═══ Extracted records

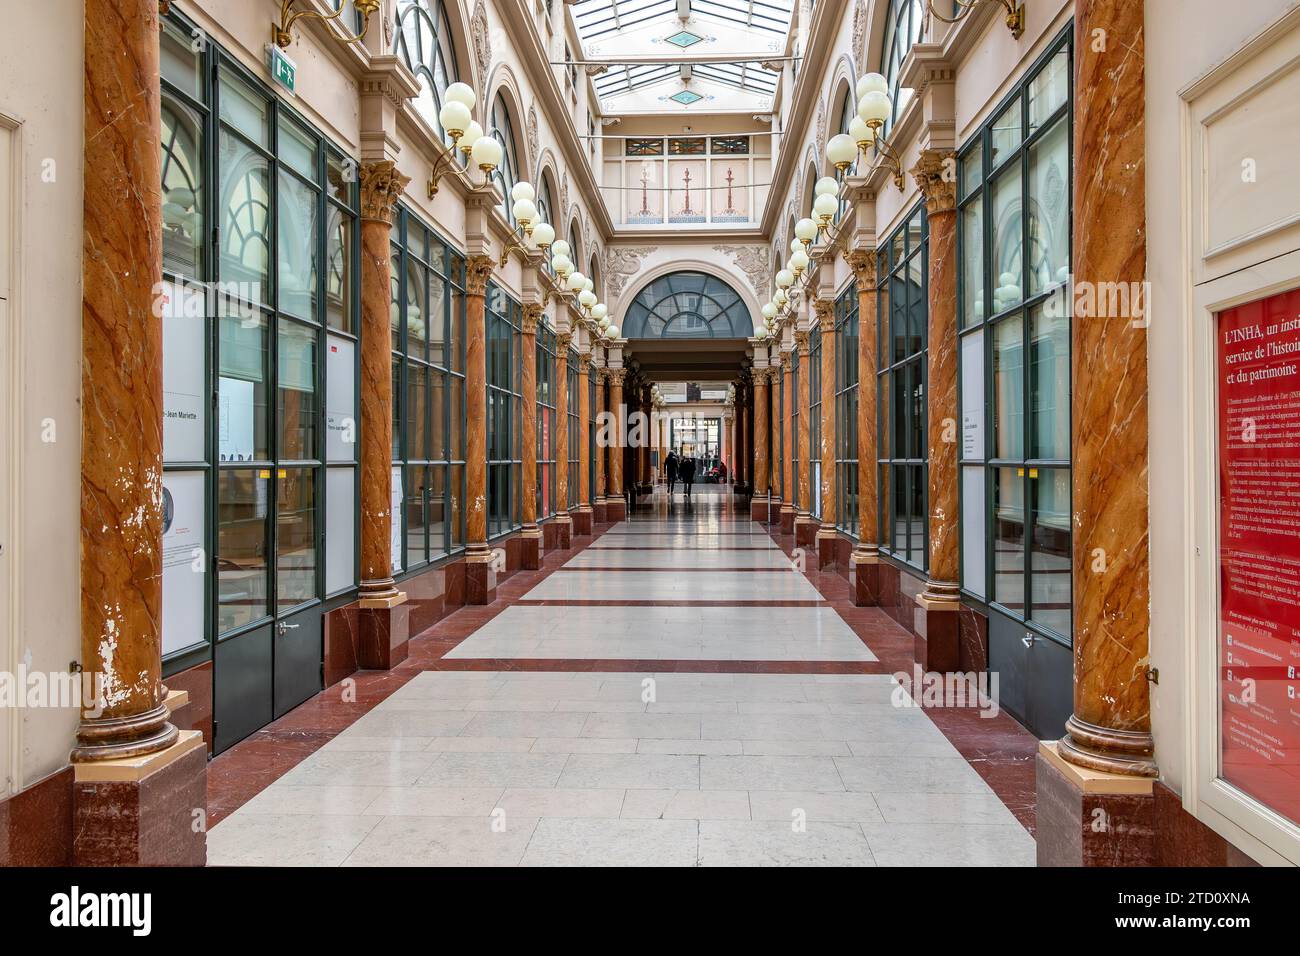 All'interno della Galerie Colbert , questo portico coperto appartiene alla Bibliothèque Nationale, e a differenza di altri portici parigini, non ci sono negozi, Parigi Foto Stock
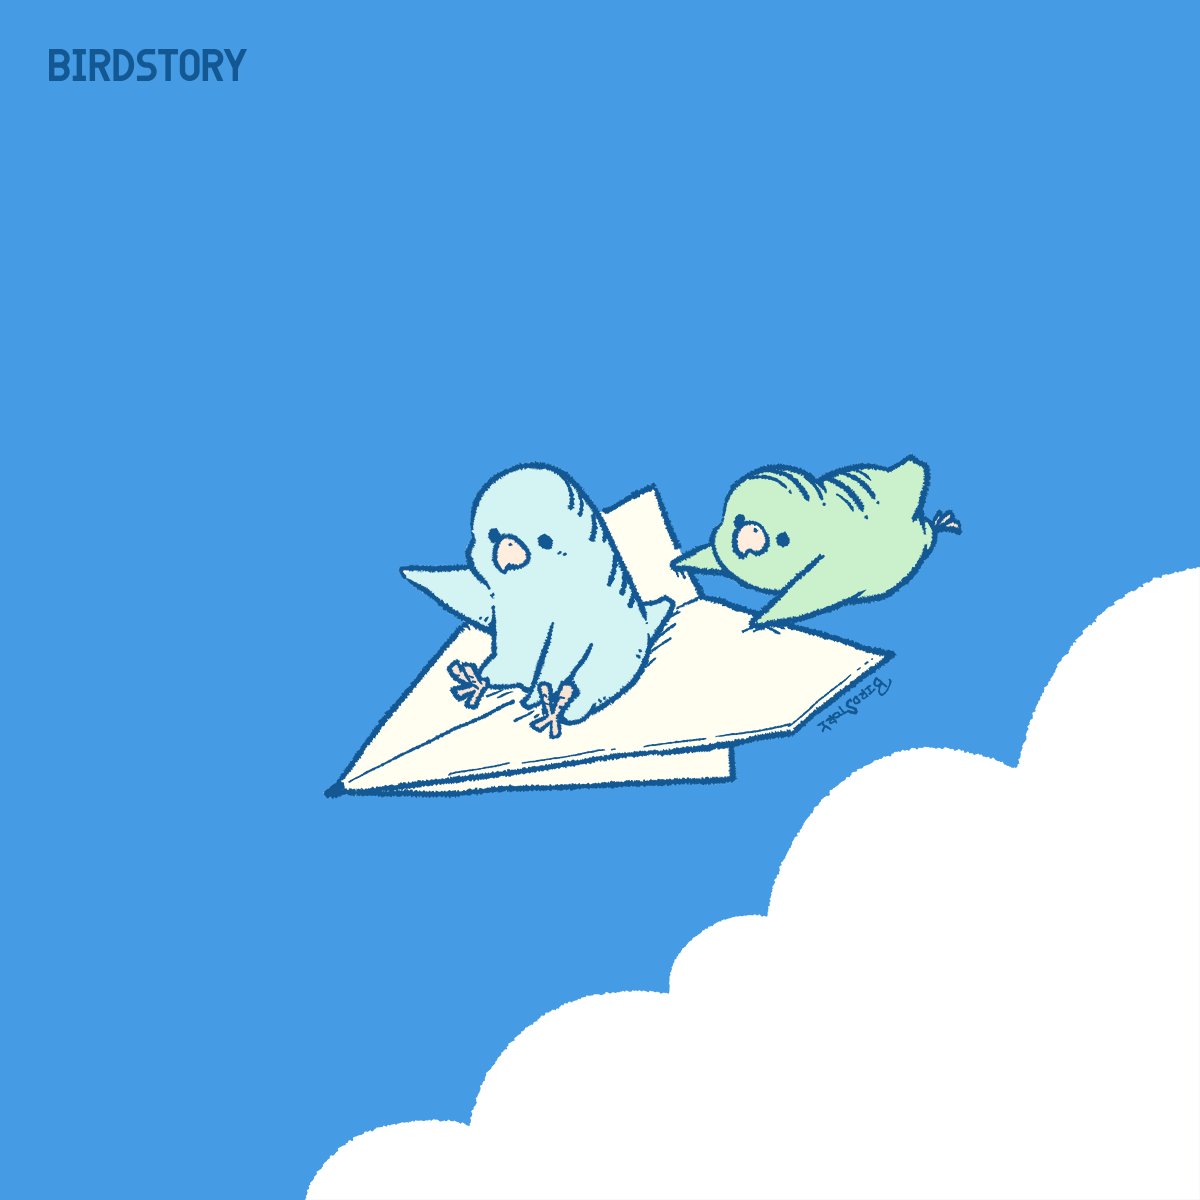 「おはようございます。本日は9月20日、空の日とのことです#BIRDSTORY #」|BIRDSTORYのイラスト
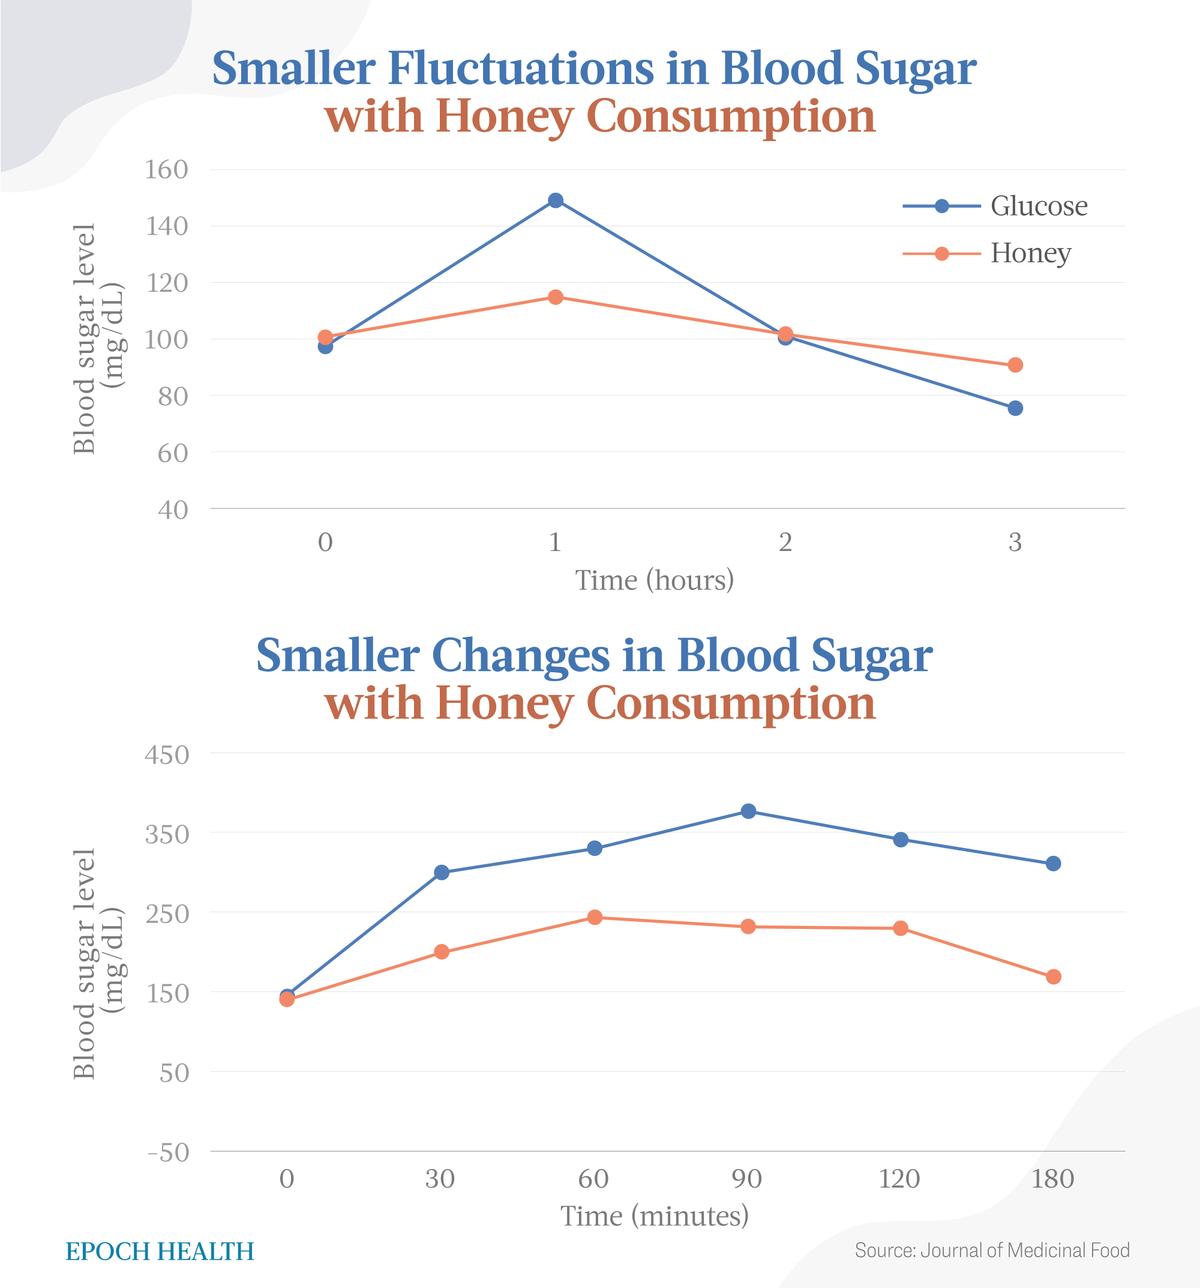 Le persone sane hanno sperimentato fluttuazioni minori dei livelli di zucchero nel sangue quando consumavano miele, mentre i pazienti diabetici hanno mostrato cambiamenti minori nei livelli di zucchero nel sangue con l’assunzione di miele.  (The Epoch Times)
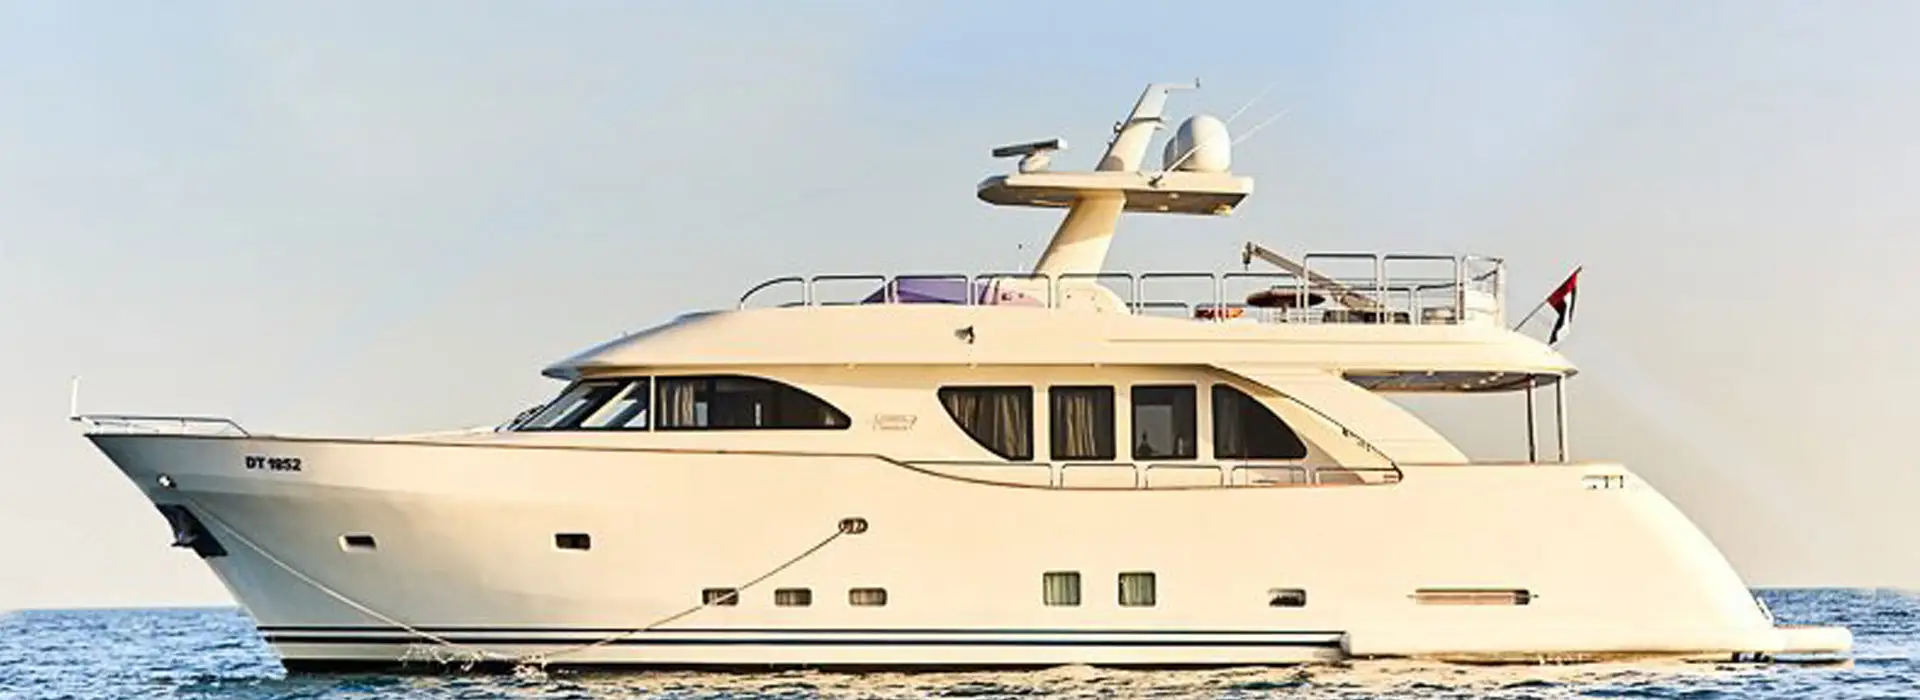 seahawk yacht charter dubai
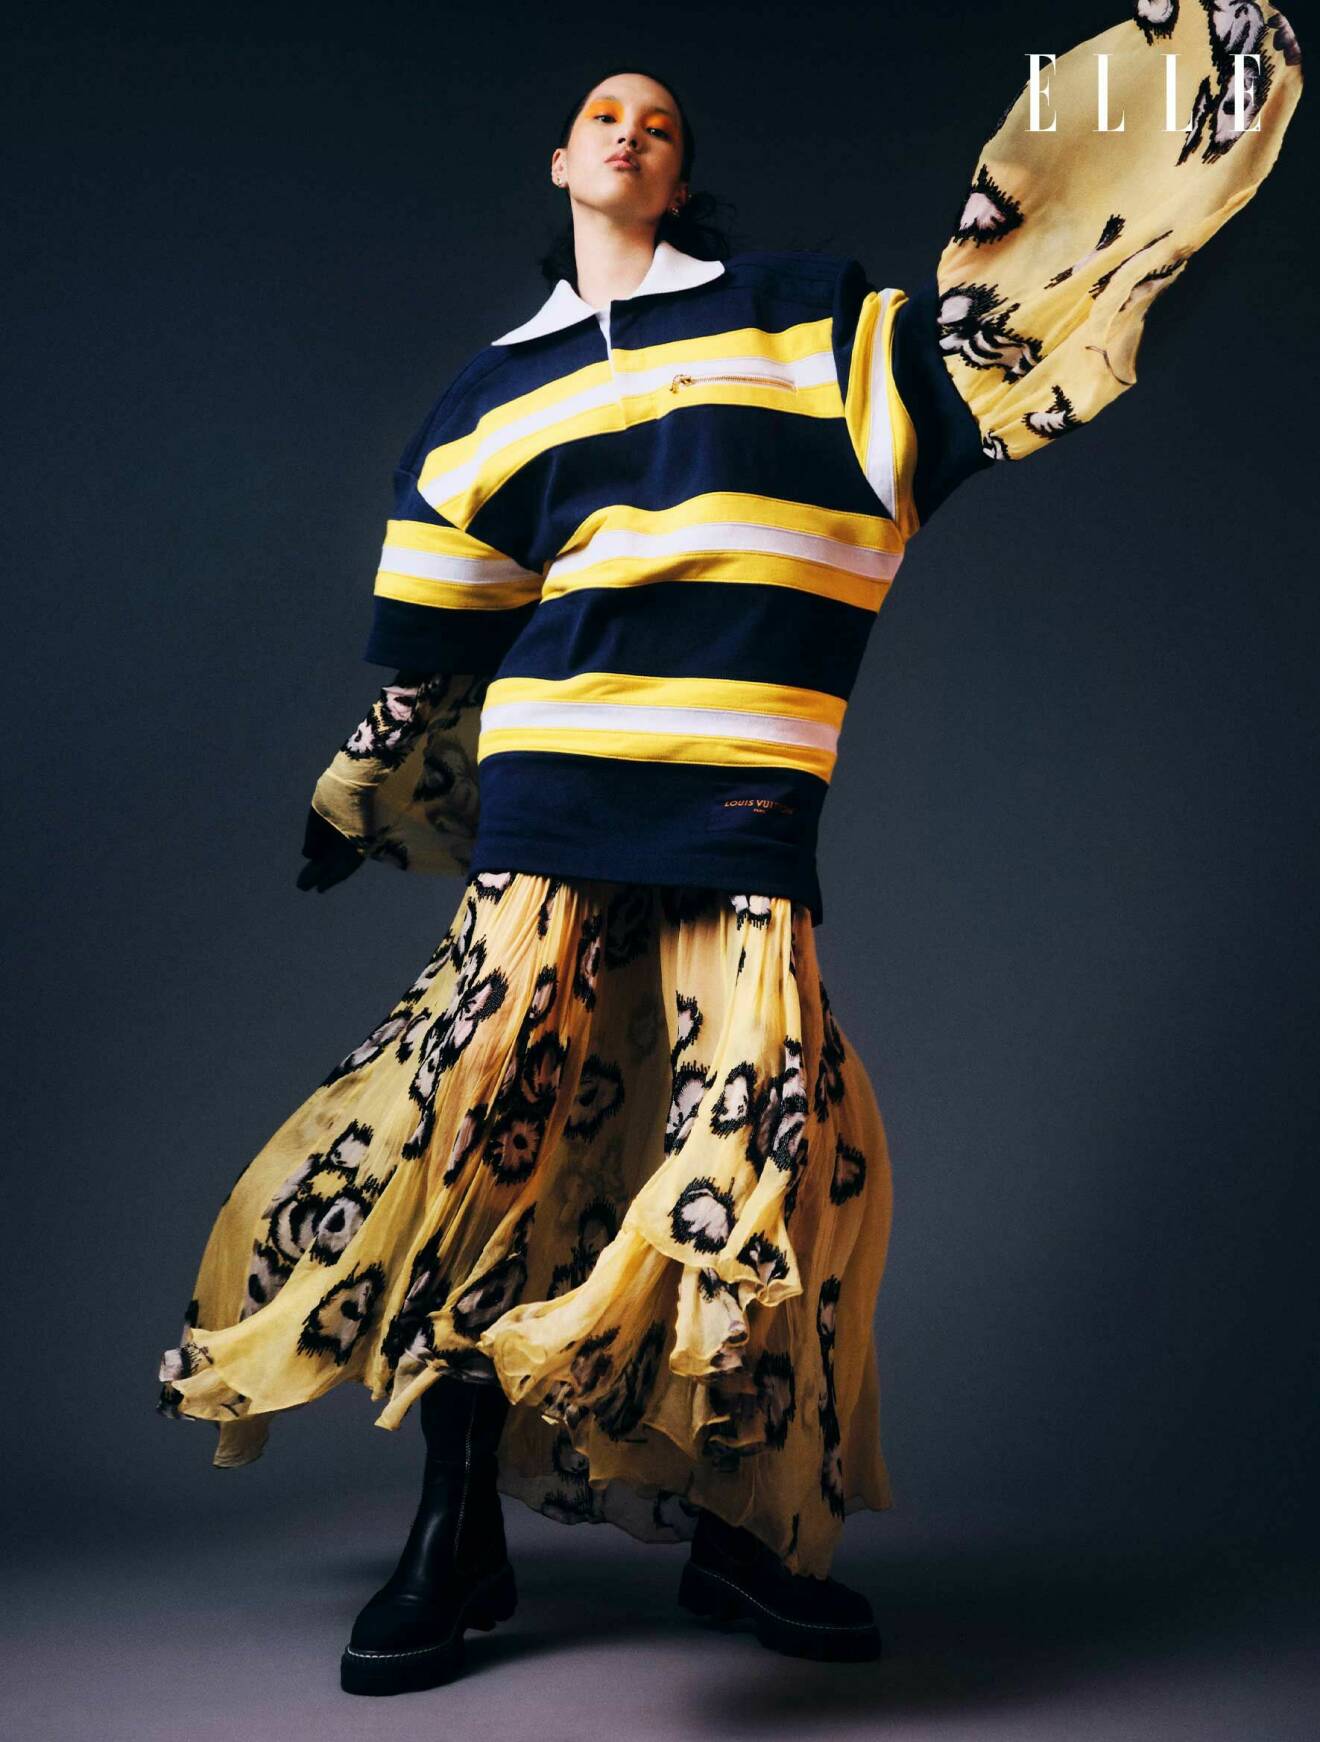 Fotomodellen har på sig en randig klänning över en gul klänning med mönster, båda från Louis Vuitton.

══════

*Aim of the exercise:*
Make an exact copy of the lines of the records from the line containing "seahawk yacht charter dubai" through the final line, both ends included, but not of the pictures.

*Response for this exercise:*
 seahawk yacht charter dubai
 Fotomodellen har på sig en randig klänning över en gul klänning med mönster, båda från Louis Vuitton.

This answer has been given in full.